Re: [PATCH 1/2] lockdep: improve current->(hard|soft)irqs_enabled synchronisation with actual irq state

From: Nicholas Piggin
Date: Tue Jul 28 2020 - 07:22:58 EST


Excerpts from peterz@xxxxxxxxxxxxx's message of July 26, 2020 10:11 pm:
> On Sun, Jul 26, 2020 at 02:14:34PM +1000, Nicholas Piggin wrote:
>> Excerpts from Peter Zijlstra's message of July 26, 2020 6:26 am:
>
>> > Which is 'funny' when it interleaves like:
>> >
>> > local_irq_disable();
>> > ...
>> > local_irq_enable()
>> > trace_hardirqs_on();
>> > <NMI/>
>> > raw_local_irq_enable();
>> >
>> > Because then it will undo the trace_hardirqs_on() we just did. With the
>> > result that both tracing and lockdep will see a hardirqs-disable without
>> > a matching enable, while the hardware state is enabled.
>>
>> Seems like an arch problem -- why not disable if it was enabled only?
>> I guess the local_irq tracing calls are a mess so maybe they copied
>> those.
>
> Because, as I wrote earlier, then we can miss updating software state.
> So your proposal has:
>
> raw_local_irq_disable()
> <NMI>
> if (!arch_irqs_disabled(regs->flags) // false
> trace_hardirqs_off();
>
> // tracing/lockdep still think IRQs are enabled
> // hardware IRQ state is disabled.

... and then lockdep_nmi_enter can disable IRQs if they were enabled?

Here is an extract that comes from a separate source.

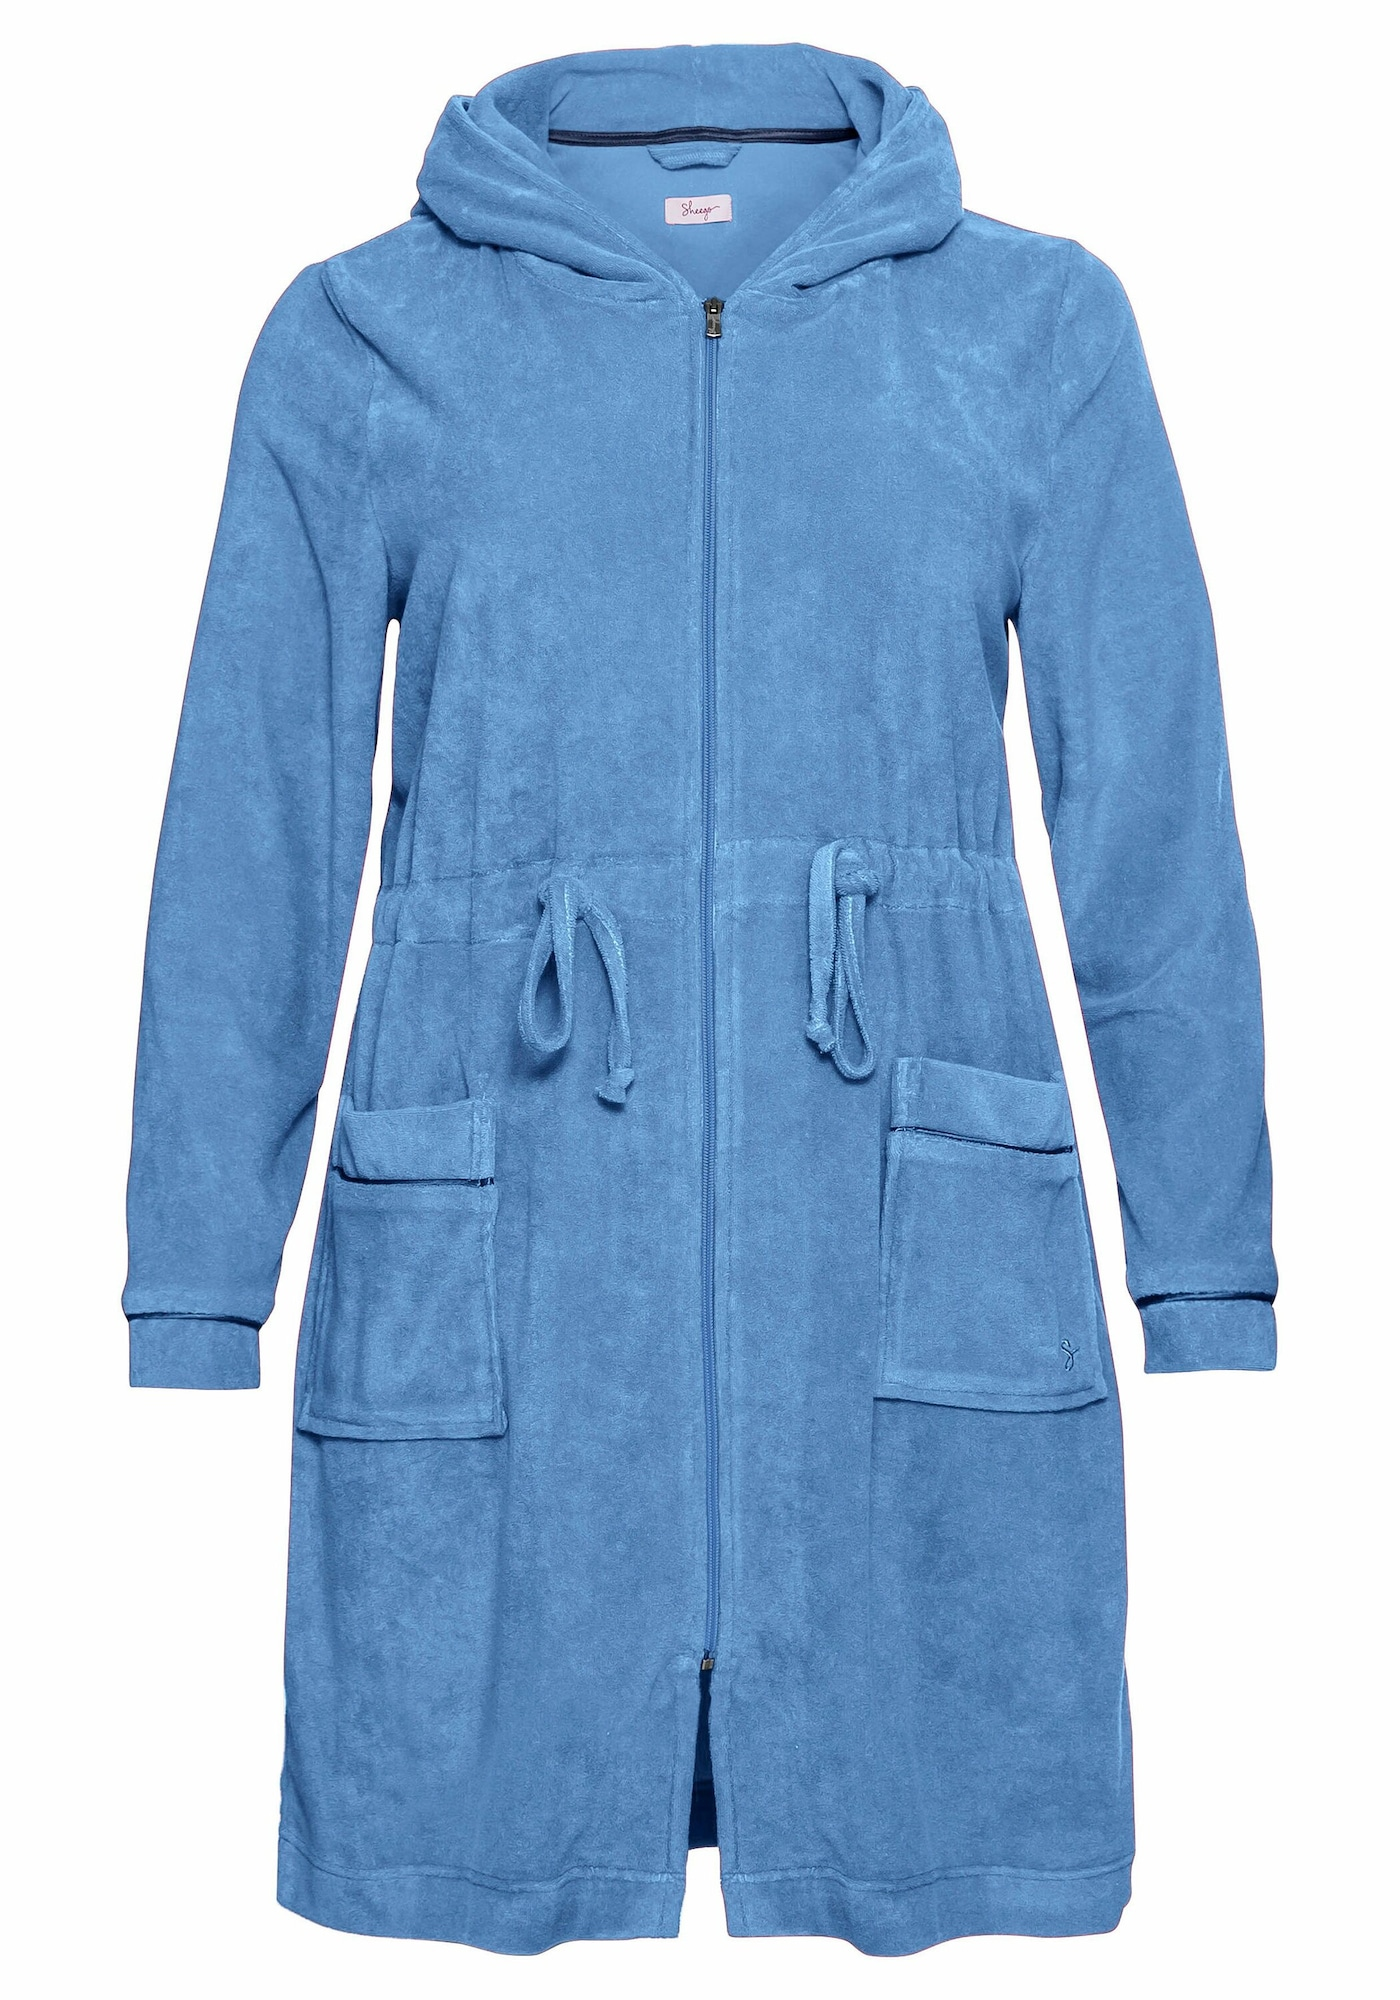 SHEEGO Trumpas vonios chalatas mėlyna

The only reason it's done this way as opposed to a much simple counter
increment/decrement AFAIKS is to avoid some overhead of calling
trace_hardirqs_on/off (which seems a bit dubious but let's go with it).

In that case the lockdep_nmi_enter code is the right spot to clean up
that gap vs NMIs. I guess there's an argument that arch_nmi_enter could
do it. I don't see the problem with fixing it up here though, this is a
slow path so it doesn't matter if we have some more logic for it.

Thanks,
Nick